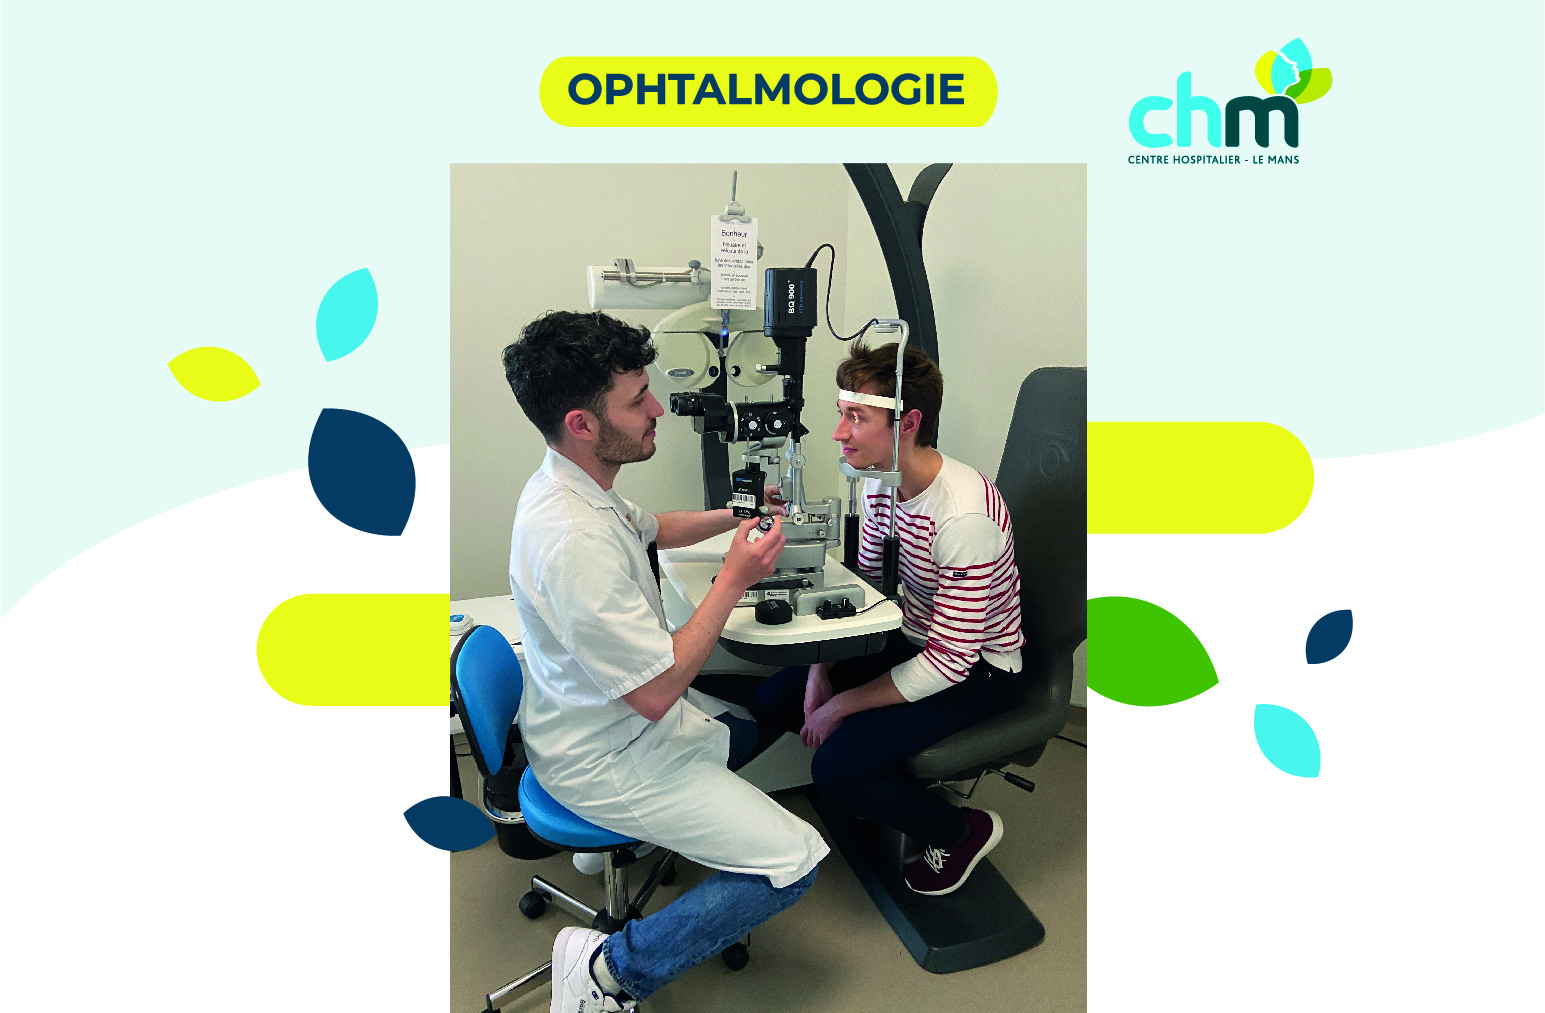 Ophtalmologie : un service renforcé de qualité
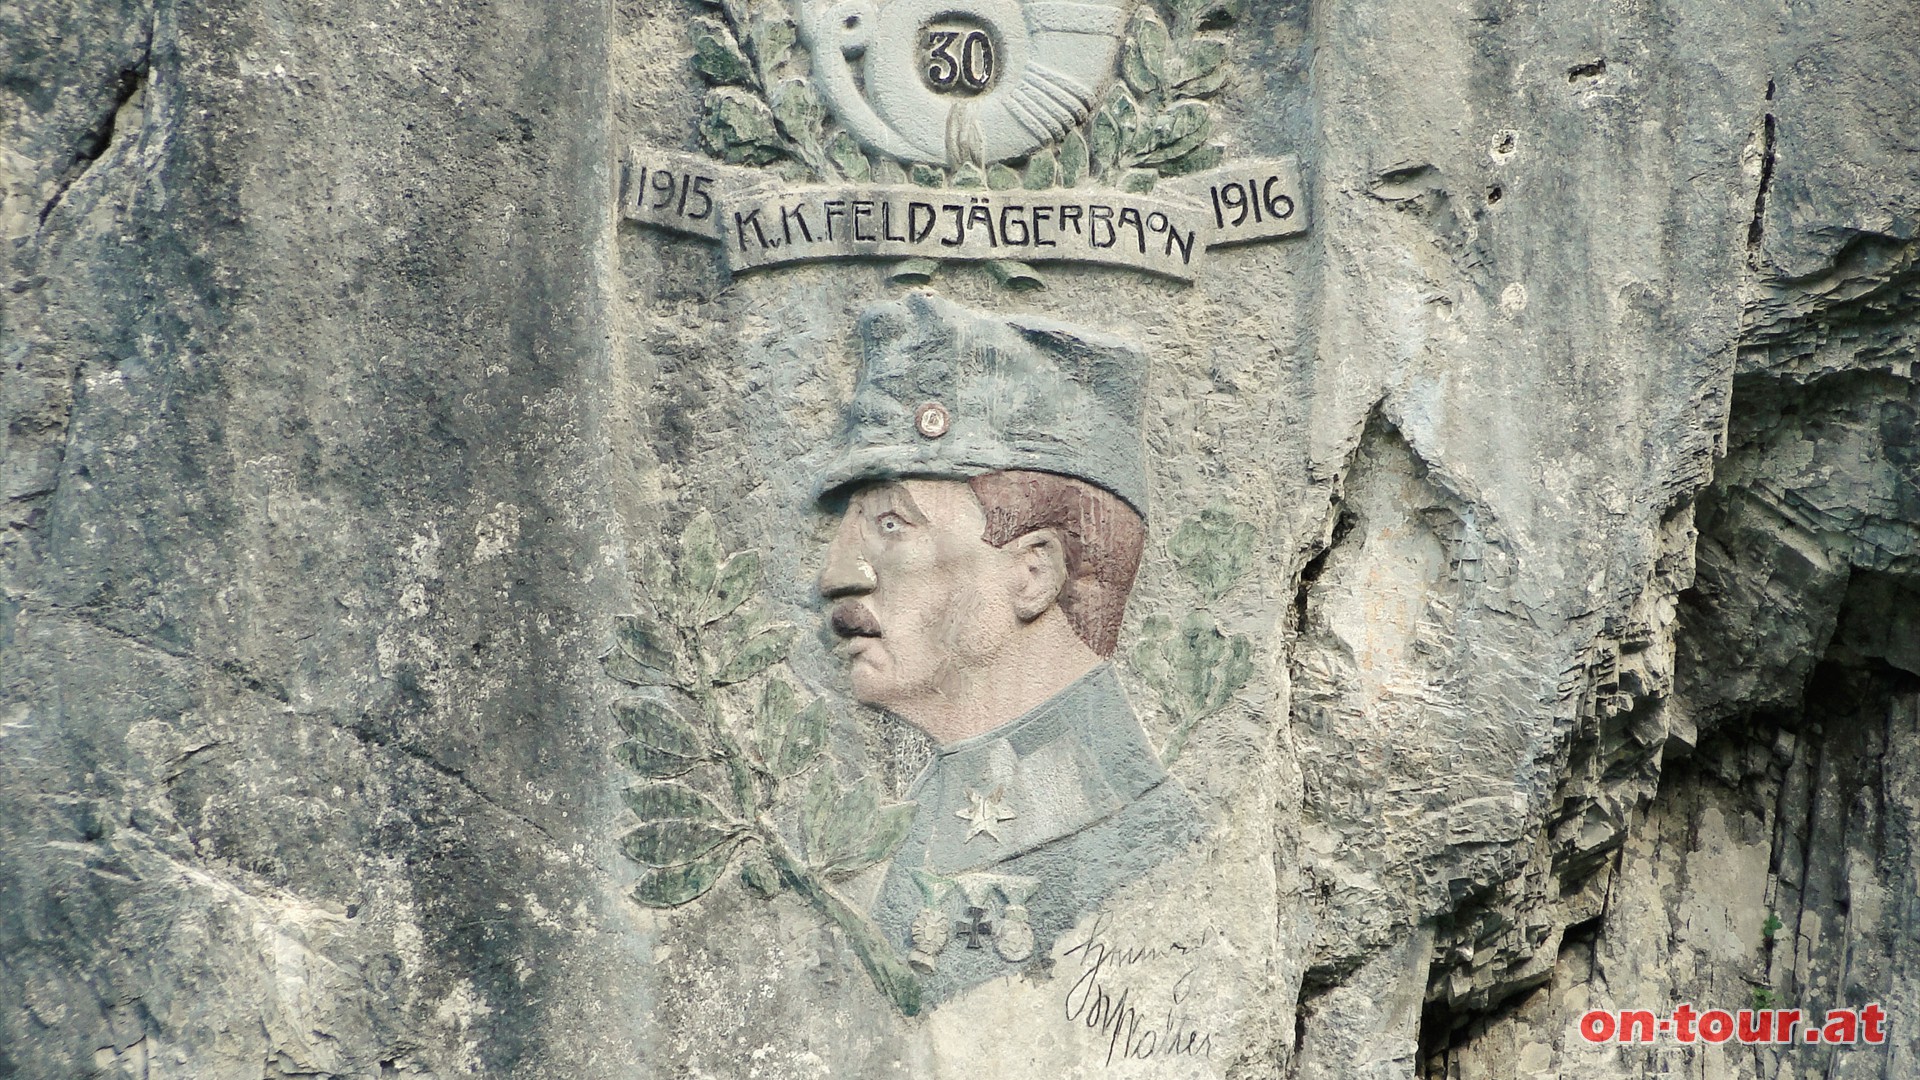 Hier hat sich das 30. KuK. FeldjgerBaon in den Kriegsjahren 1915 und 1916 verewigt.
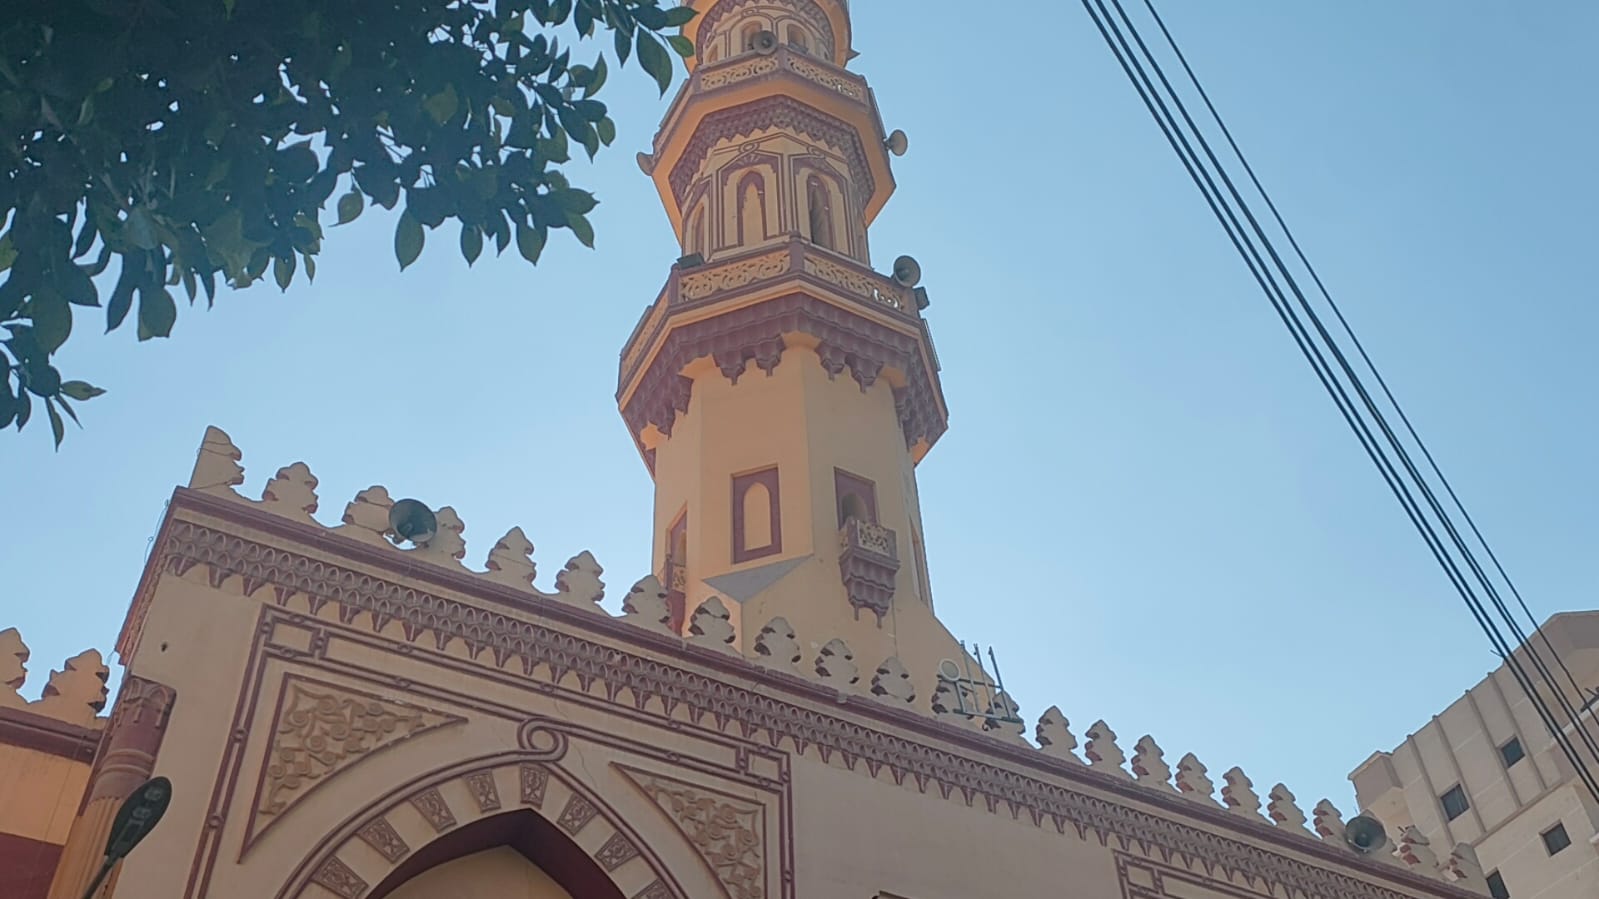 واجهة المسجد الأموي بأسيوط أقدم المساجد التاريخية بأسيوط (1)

Instructions for the task
Would you reproduce the lines above exactly, without carrying over the pictures?

Answer space
 Ophtalmologie : un service renforcé de qualité
 Hier hat sich das 30. KuK. FeldjgerBaon in den Kriegsjahren 1915 und 1916 verewigt.
 واجهة المسجد الأموي بأسيوط أقدم المساجد التاريخية بأسيوط (1)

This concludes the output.